Exercise data below:

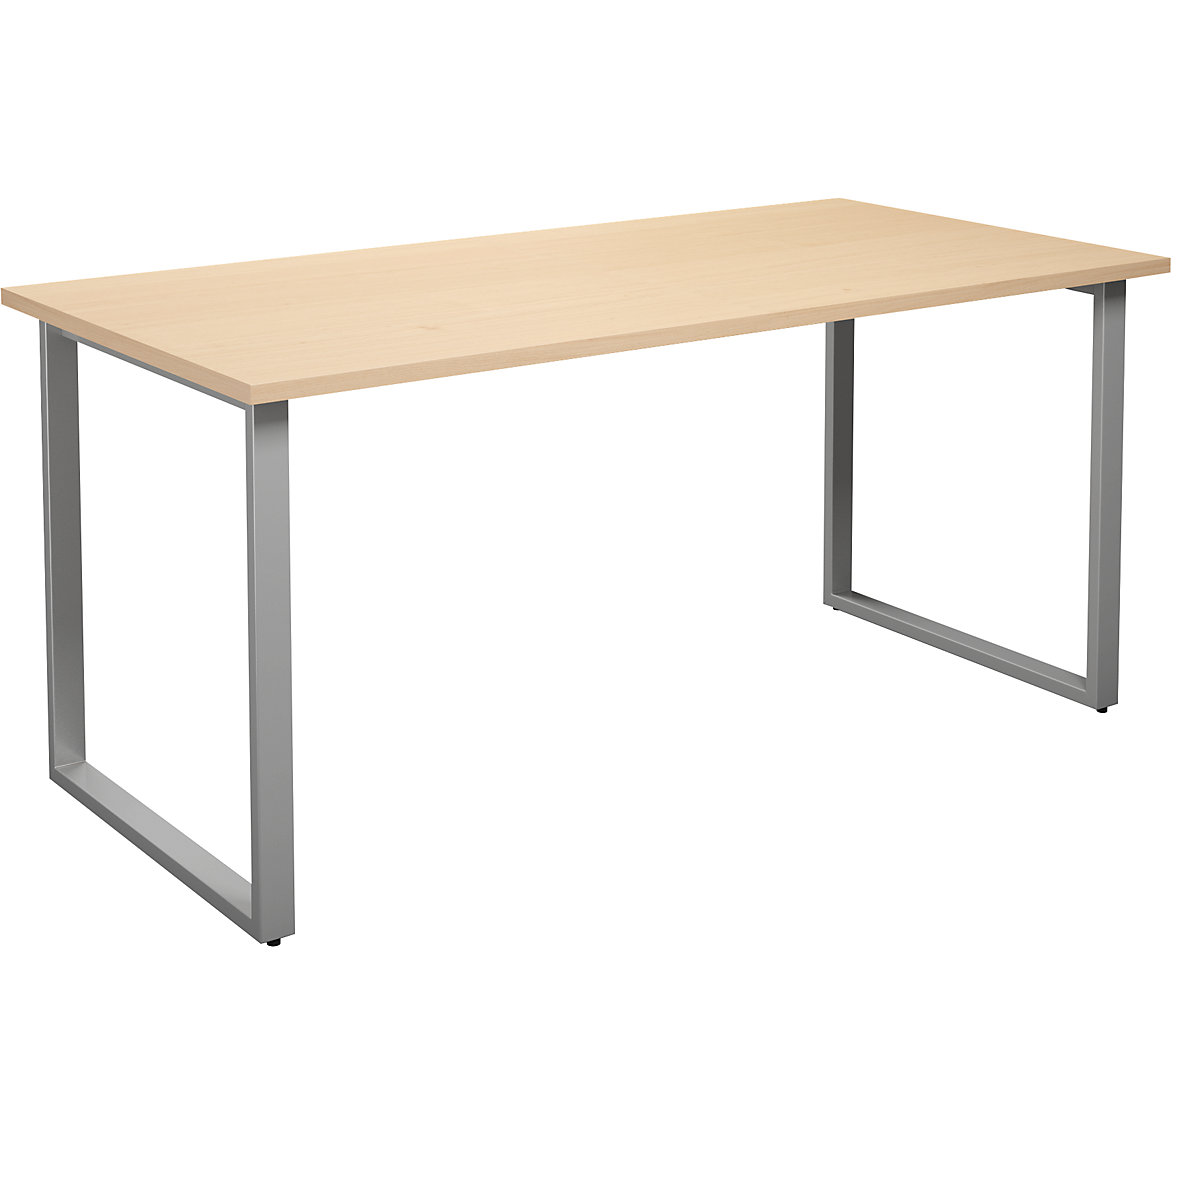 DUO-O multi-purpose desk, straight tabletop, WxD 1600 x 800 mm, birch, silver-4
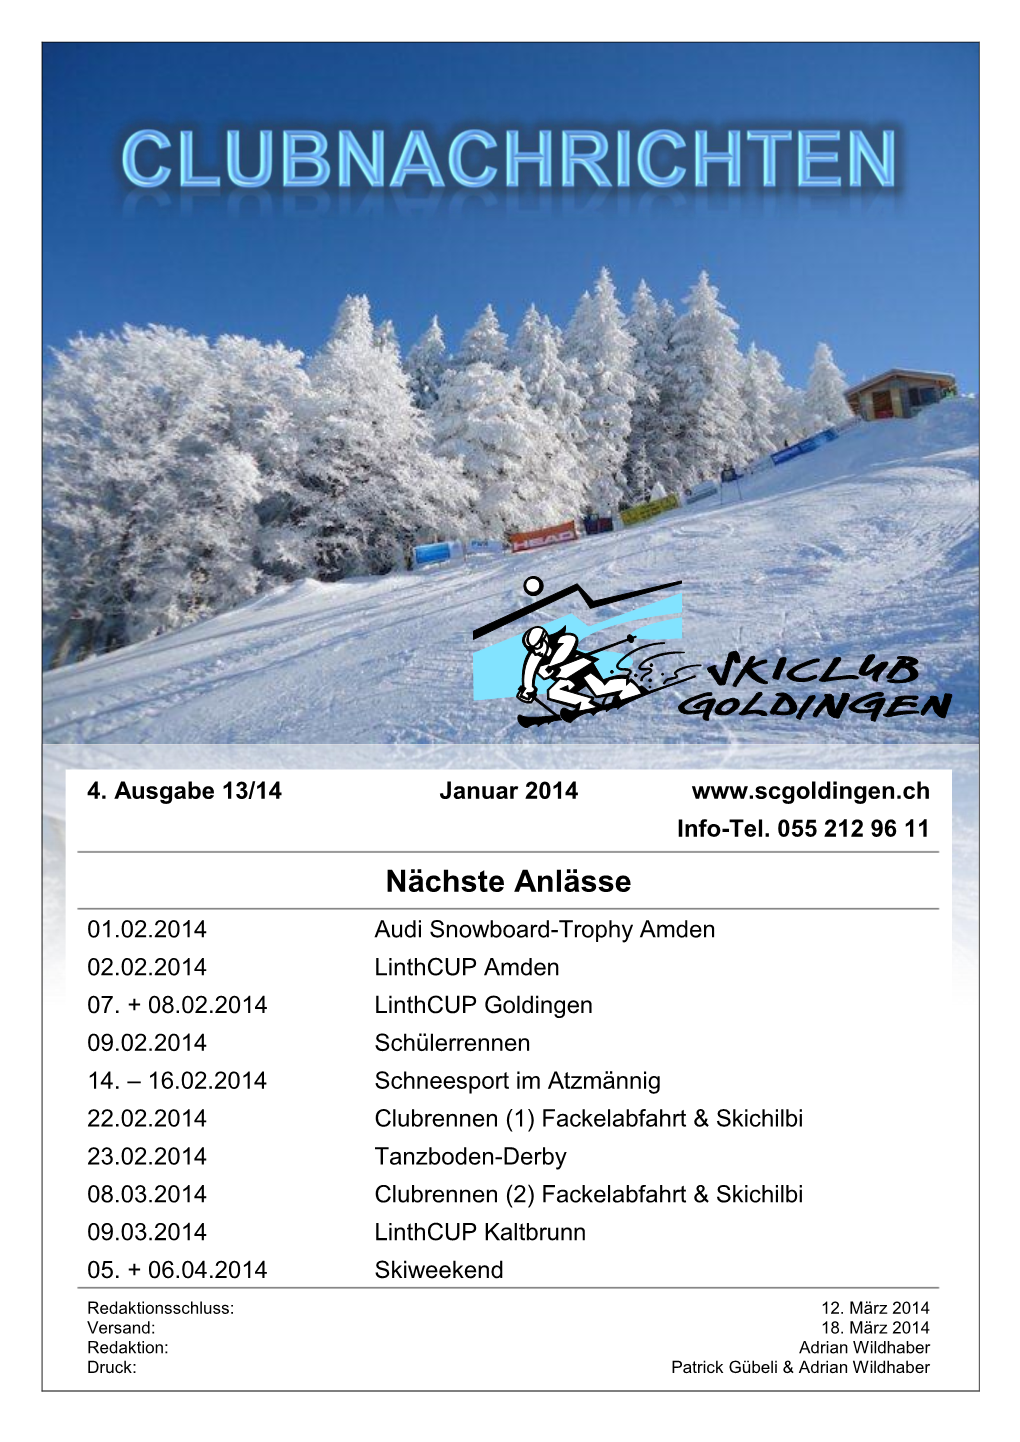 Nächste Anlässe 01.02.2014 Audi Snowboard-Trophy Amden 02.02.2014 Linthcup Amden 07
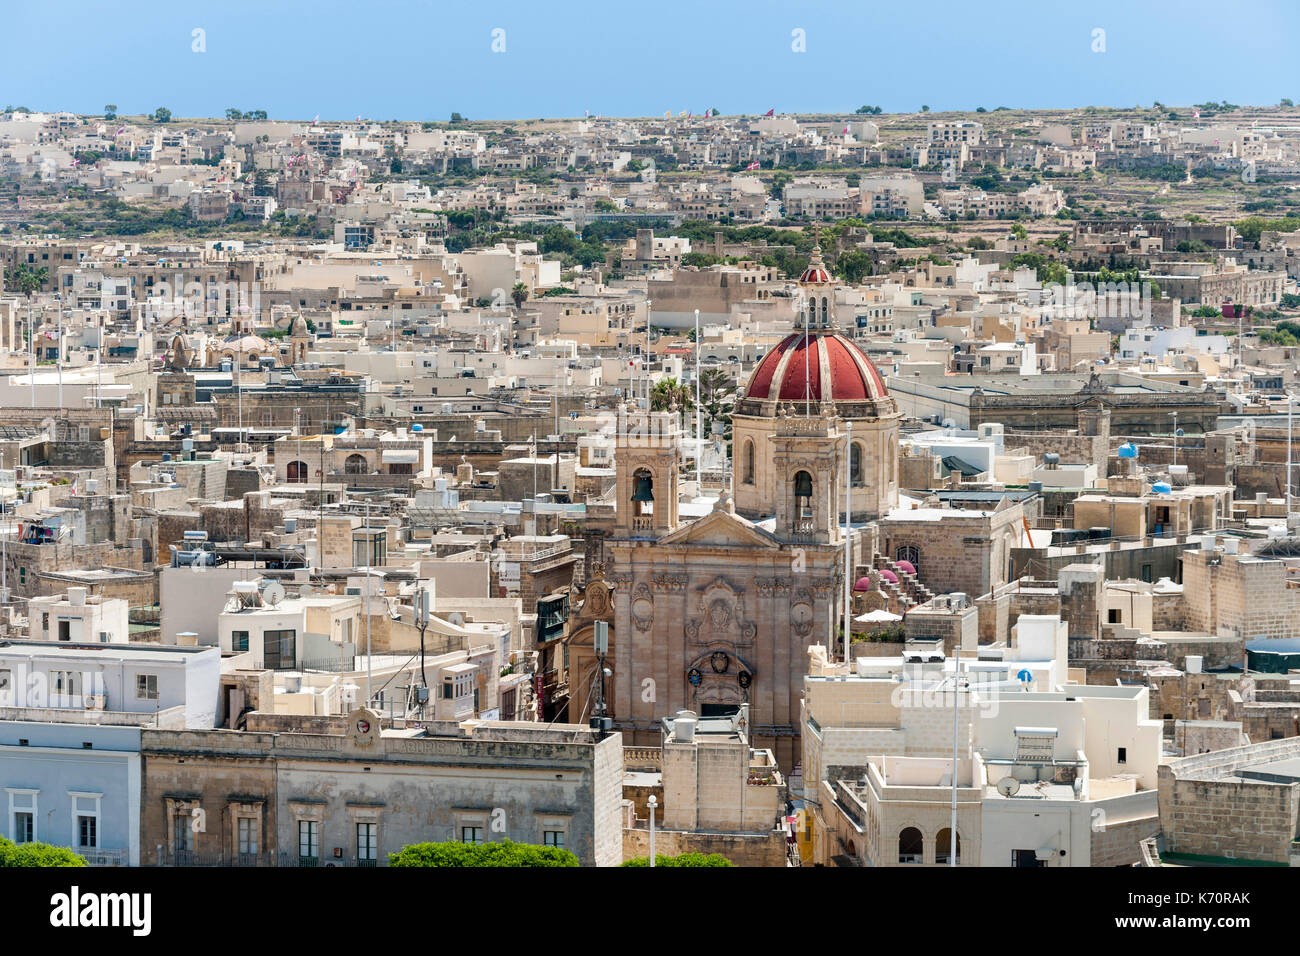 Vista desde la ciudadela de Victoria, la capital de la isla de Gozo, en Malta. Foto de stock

End of Exercise data.

Give all of the material again, exactly, apart from the pictures.

- Task output -
 DUO-O multi-purpose desk, straight tabletop, WxD 1600 x 800 mm, birch, silver-4
 Nächste Anlässe 01.02.2014 Audi Snowboard-Trophy Amden 02.02.2014 Linthcup Amden 07
 Vista desde la ciudadela de Victoria, la capital de la isla de Gozo, en Malta. Foto de stock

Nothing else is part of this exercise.